The topic for this day was the ecological and evolutionary processes that have generated so much diversity in the tropics and the unique contribution of endemic species to global diversity. We also talked about how diversity (and the loss of diversity) affects the stability and resilience of ecological communities and ecosystem processes.
Day 6: Maquipucuna Reserve
On our final day we visited the Maquipucuna Reserve. This was the largest reserve we visited (6,000 ha, surrounded by other protected areas) and home to some of the largest animals in the cloud forest, e.g., spectacled (aka Andean short-faced) bears and large cats. The entrance to the reserve is a lovely covered bridge (left) over the Rio Alambi (center). We hiked through both primary and secondary forest (right).
The topic for this final day was how even seemingly small barriers can pose real risks to wildlife populations. In particular, we focused on how a loss of genetic diversity can imperil populations that are not currently in decline. We also talked about the important role of top predators as keystone species.
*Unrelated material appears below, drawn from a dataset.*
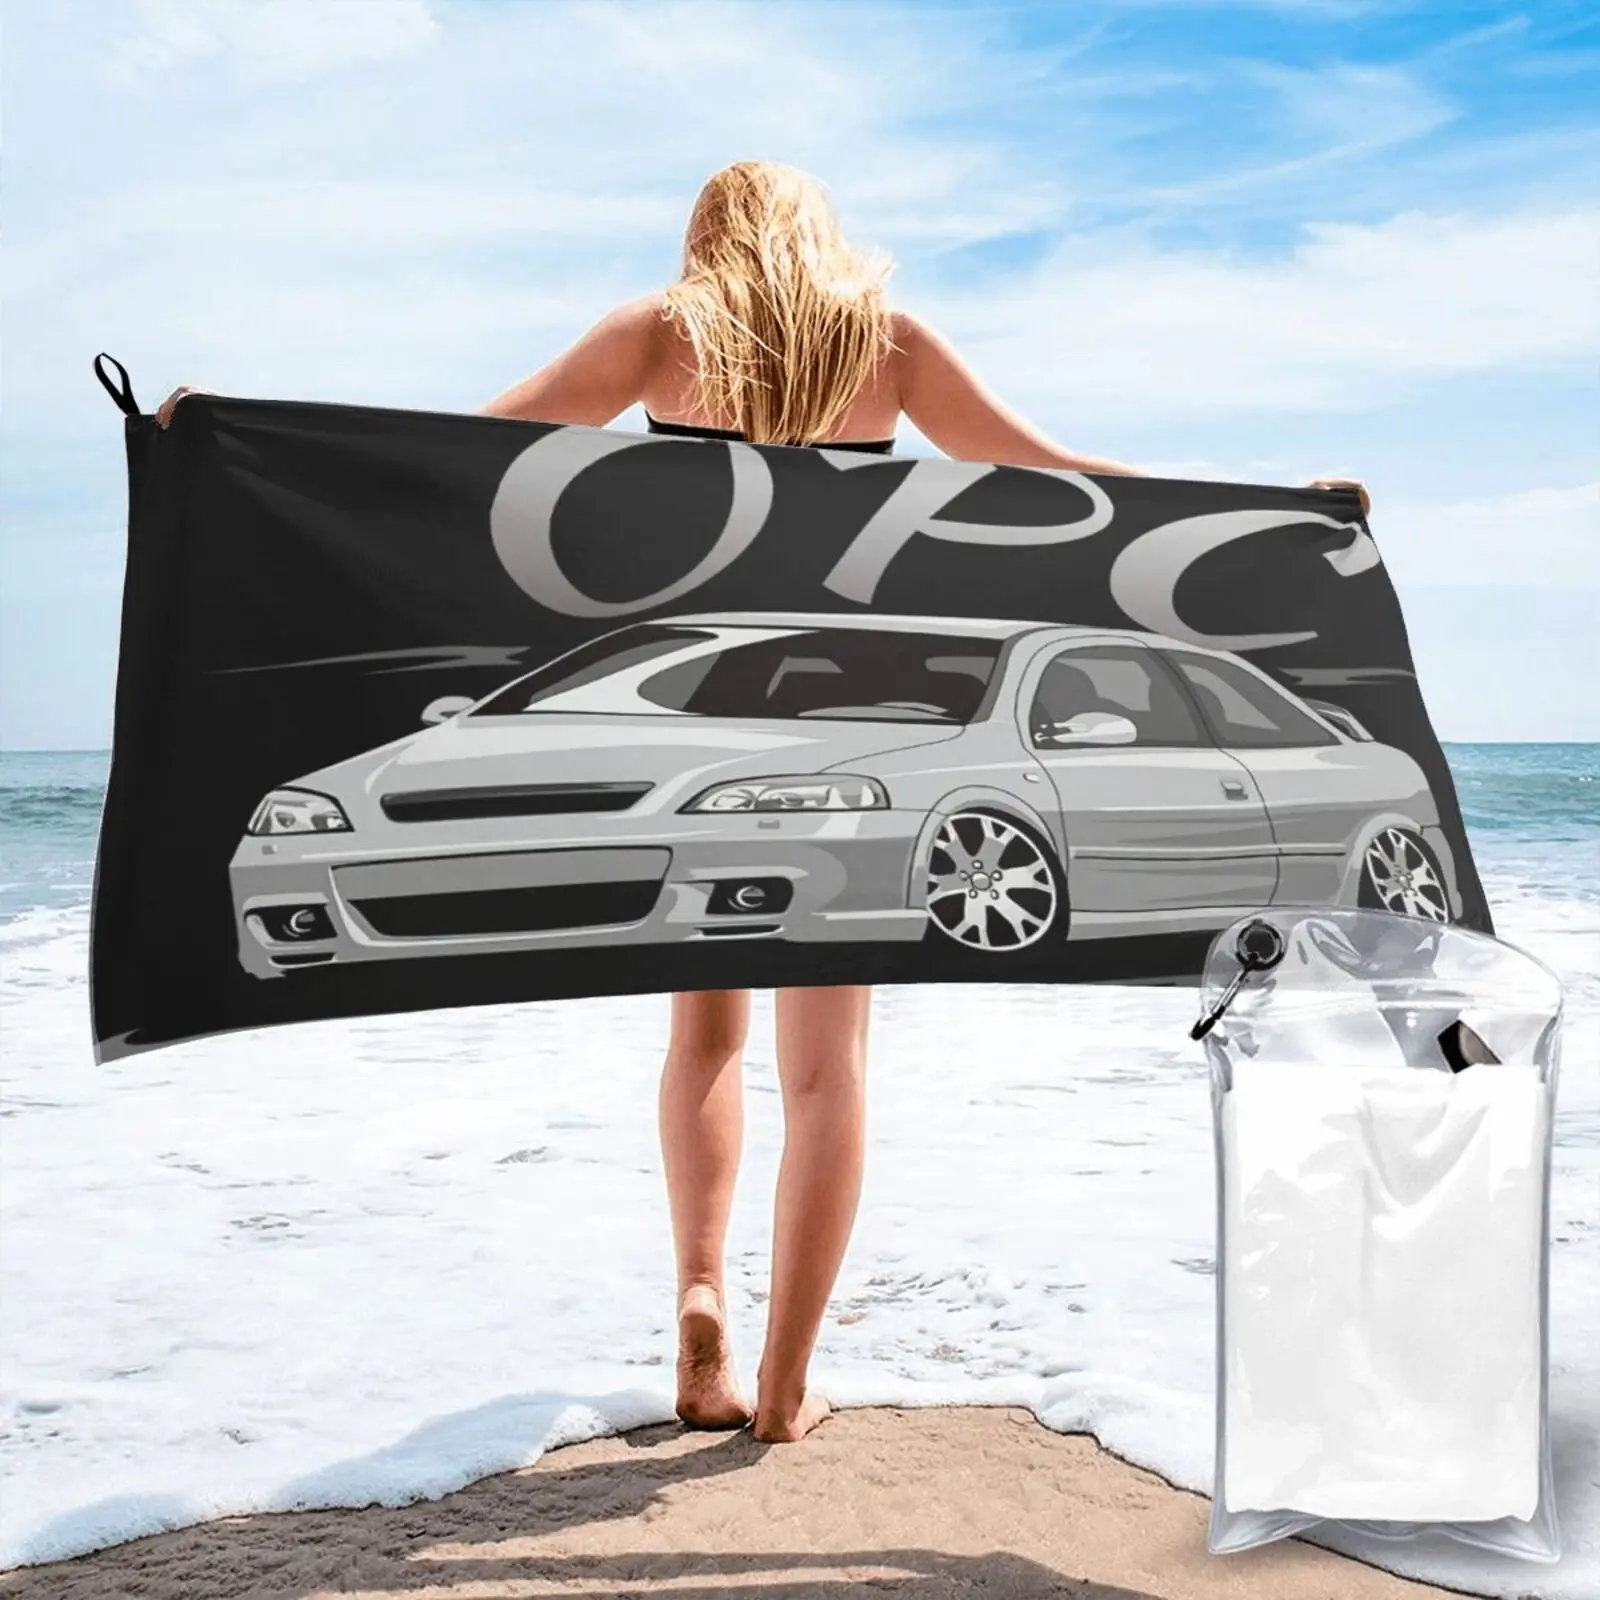 

Пляжное полотенце Opel Astra G Opc 1812, банный халат, женское банное полотенце для рук, пляжное одеяло, Большое пляжное полотенце для ванной

Casa Divina, our home away from home!
We stayed with Efrain Toapanta and Molly Brown in their wonderful lodge, Casa Divina. This place is IDEAL. The lodge itself, which Efrain built, is gorgeous and so well designed. There is a covered viewing platform on the third floor which we used as our classroom (left). The food is excellent and Molly is so welcoming and warm. Efrain (center) is an exceptional birder and naturalist, generous with his knowledge, thoughtful and kind. We could not have asked for a better guide and temporary home (left). Thank you, Efrain and Molly!